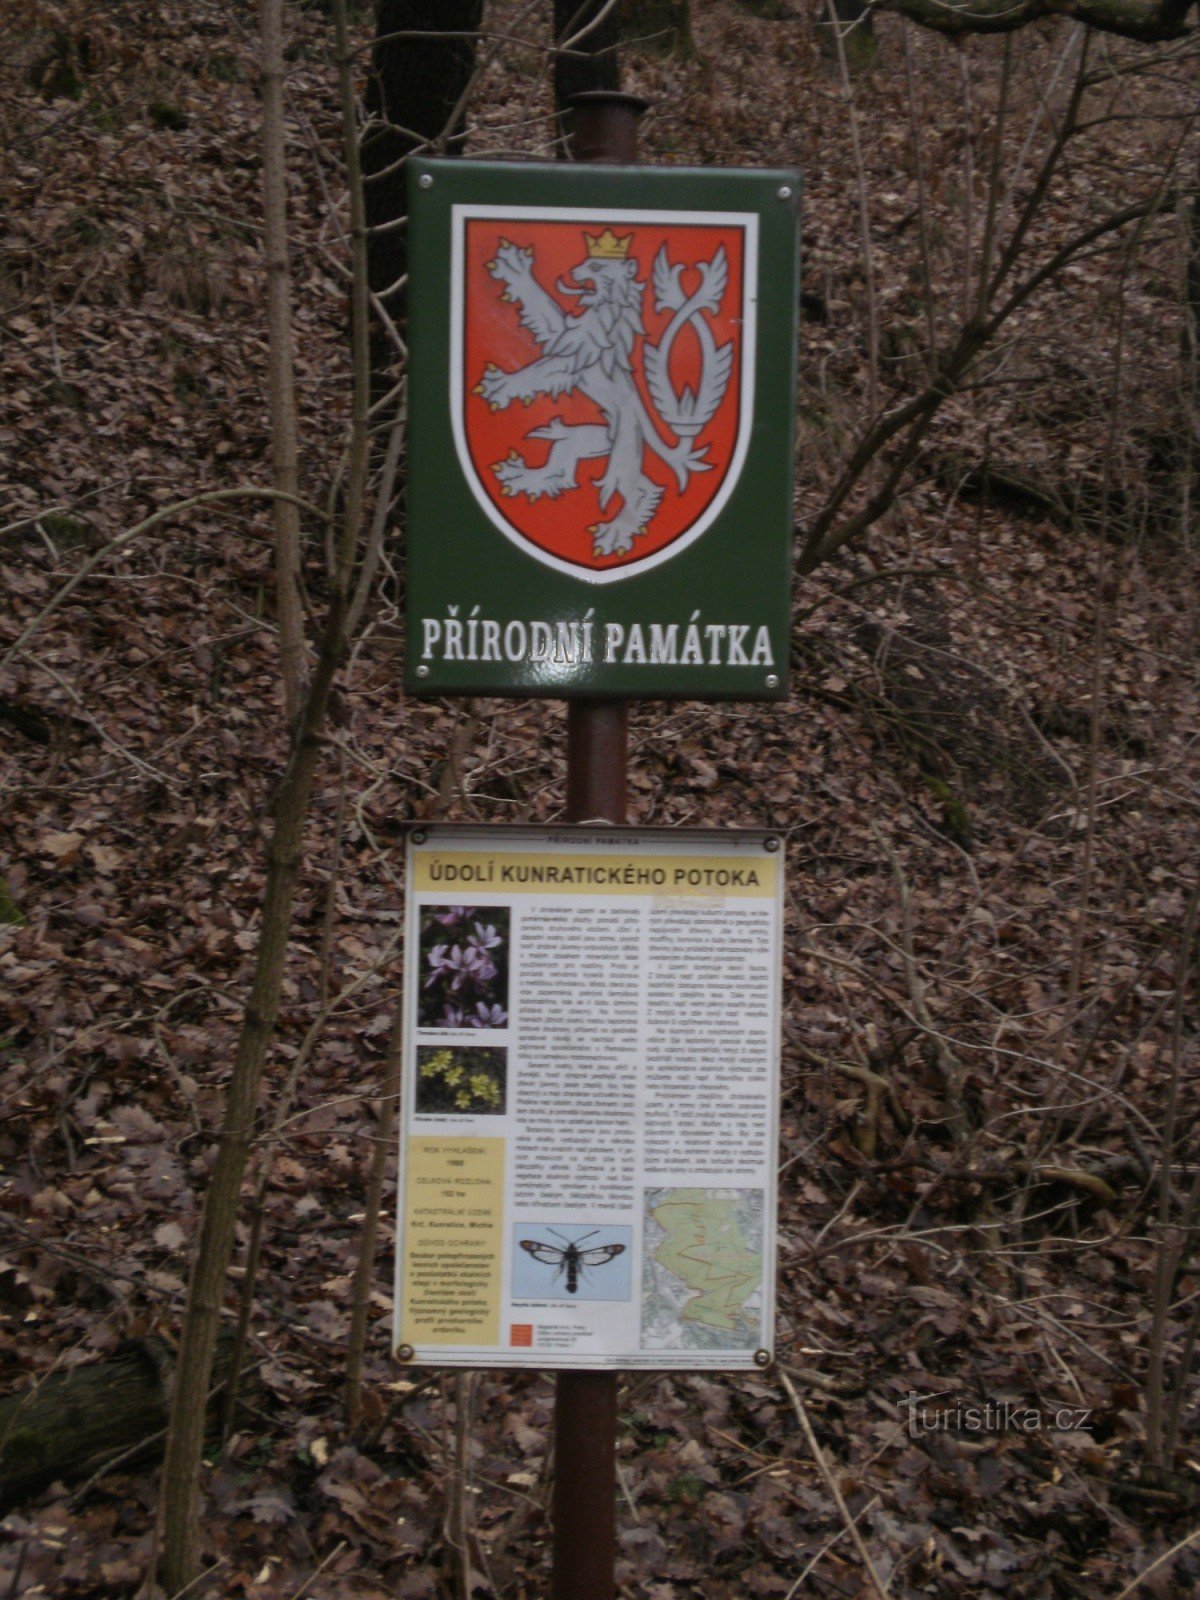 Wokół lasu Kunratic
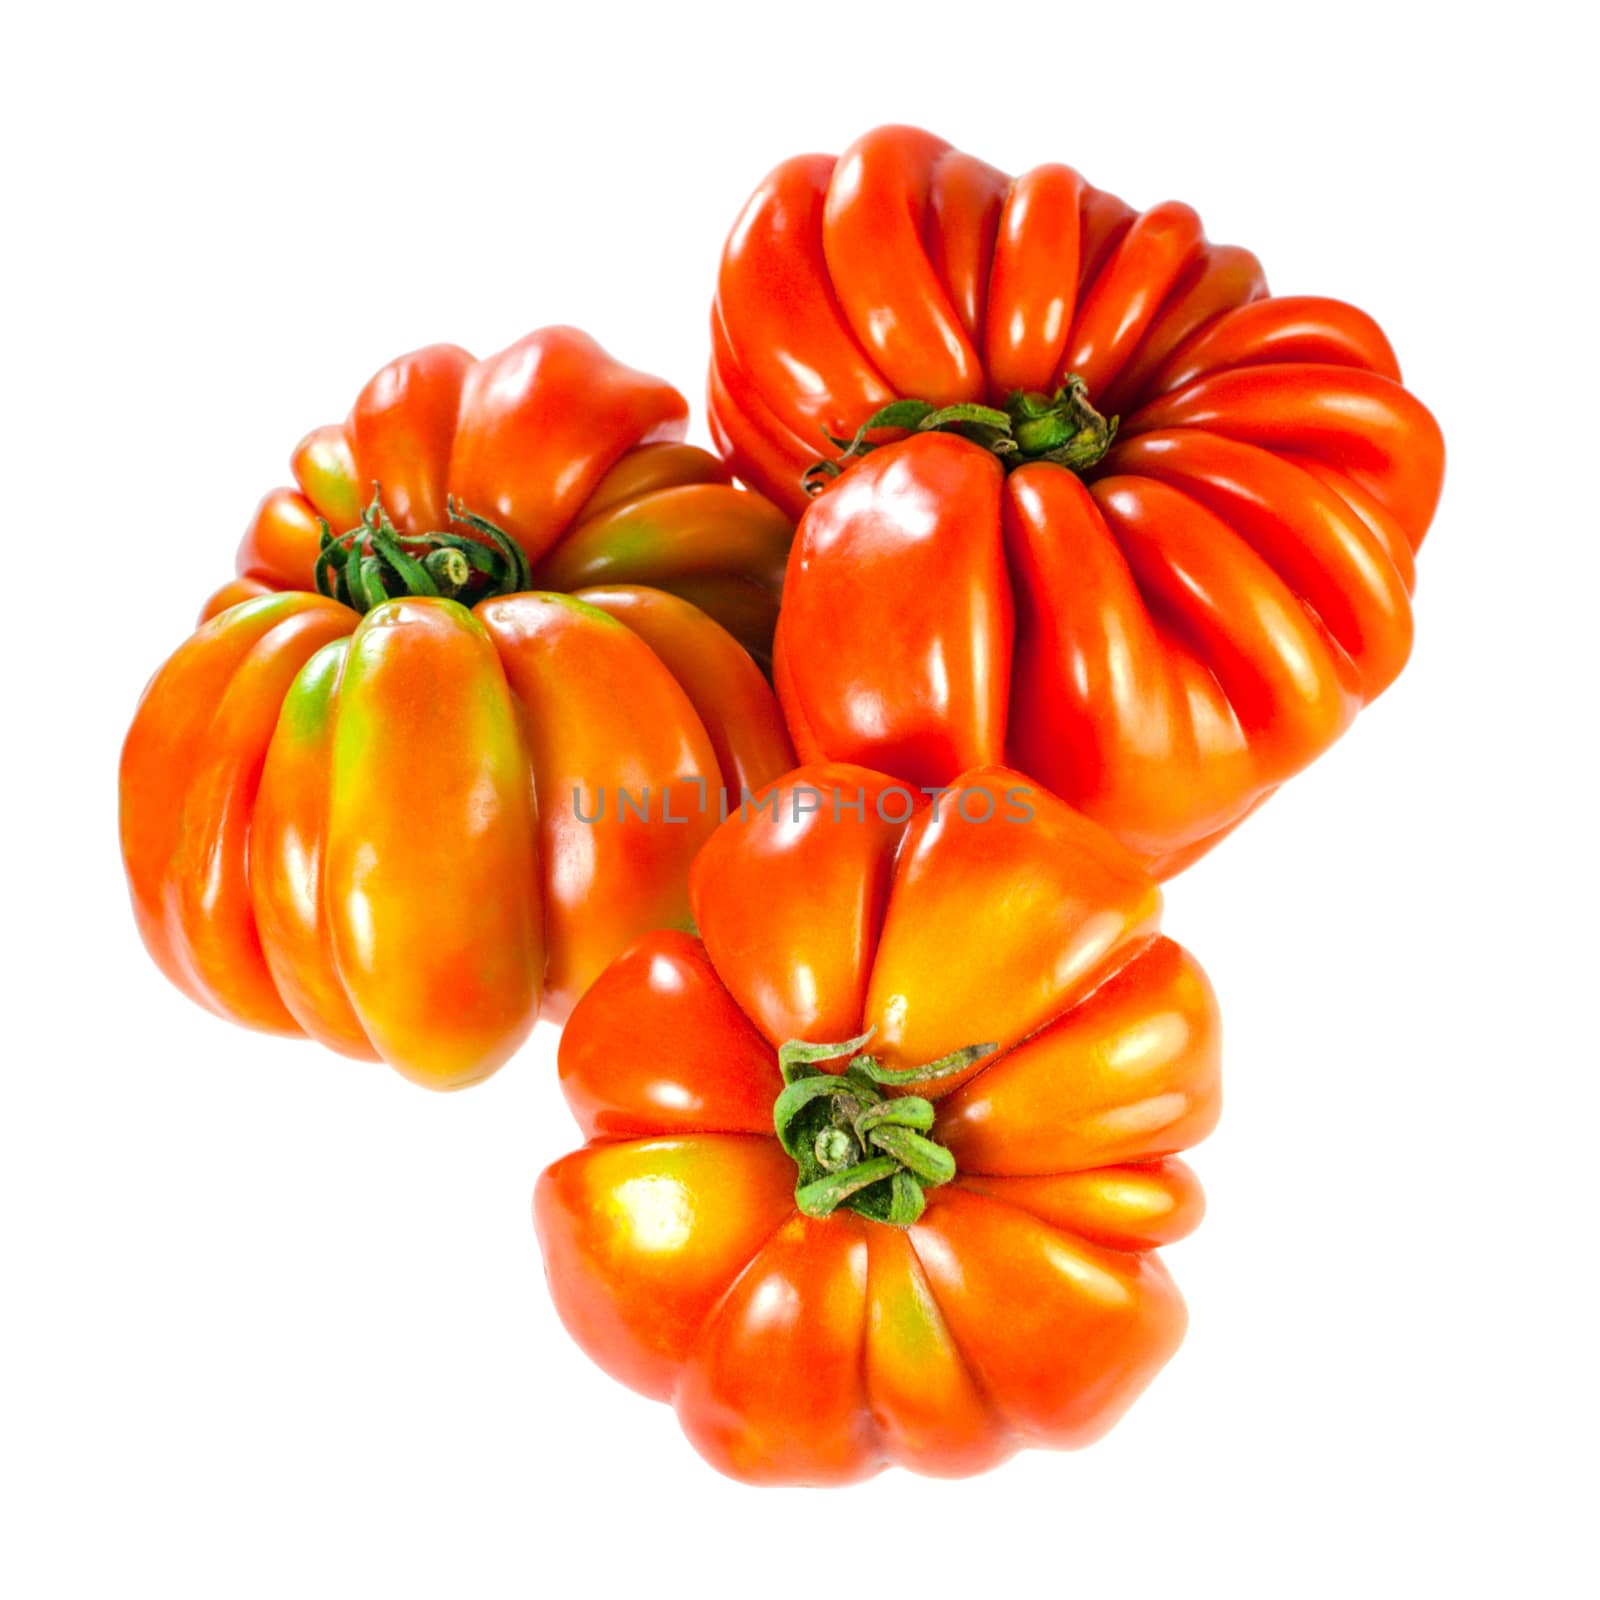 costoluto genovese tomato, isolated on white background by uvisni
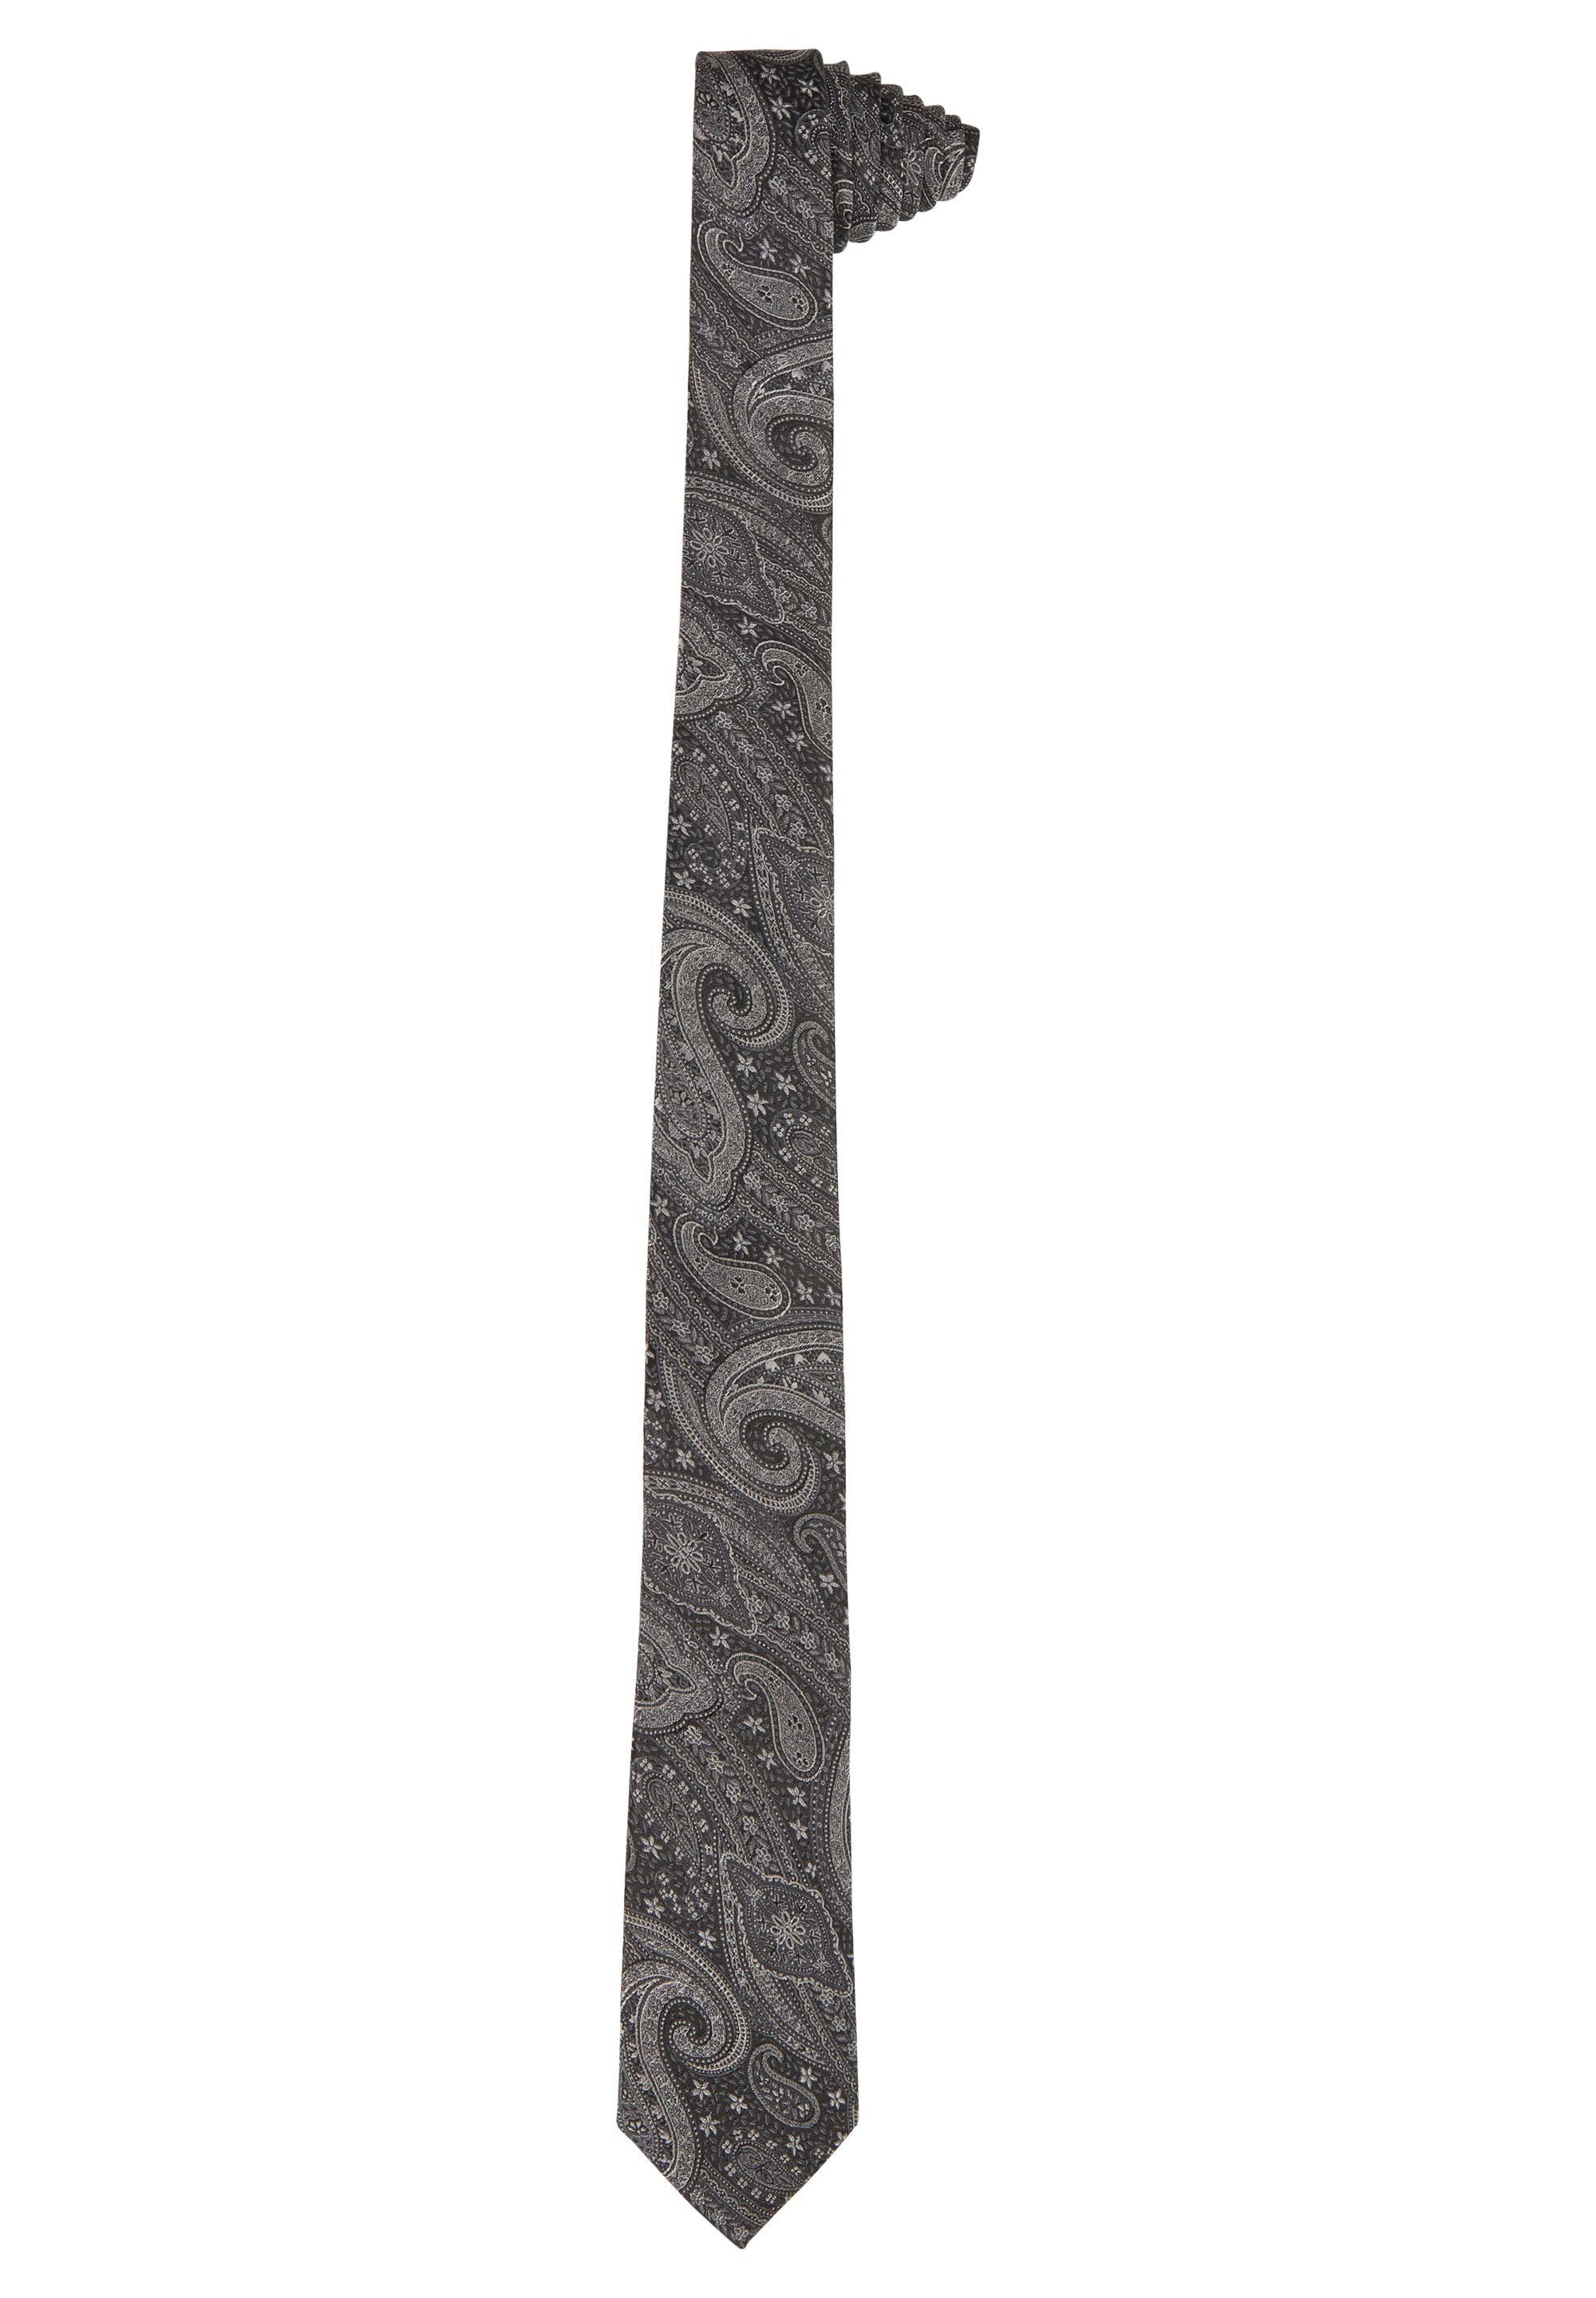 PARIS HECHTER Paisley-Muster mit Krawatte graphite

******

** Work to be completed **
All of the data above is to be repeated exactly, with the pictures left out.

** Result of this task **
 Wokół lasu Kunratic
 costoluto genovese tomato, isolated on white background by uvisni
 PARIS HECHTER Paisley-Muster mit Krawatte graphite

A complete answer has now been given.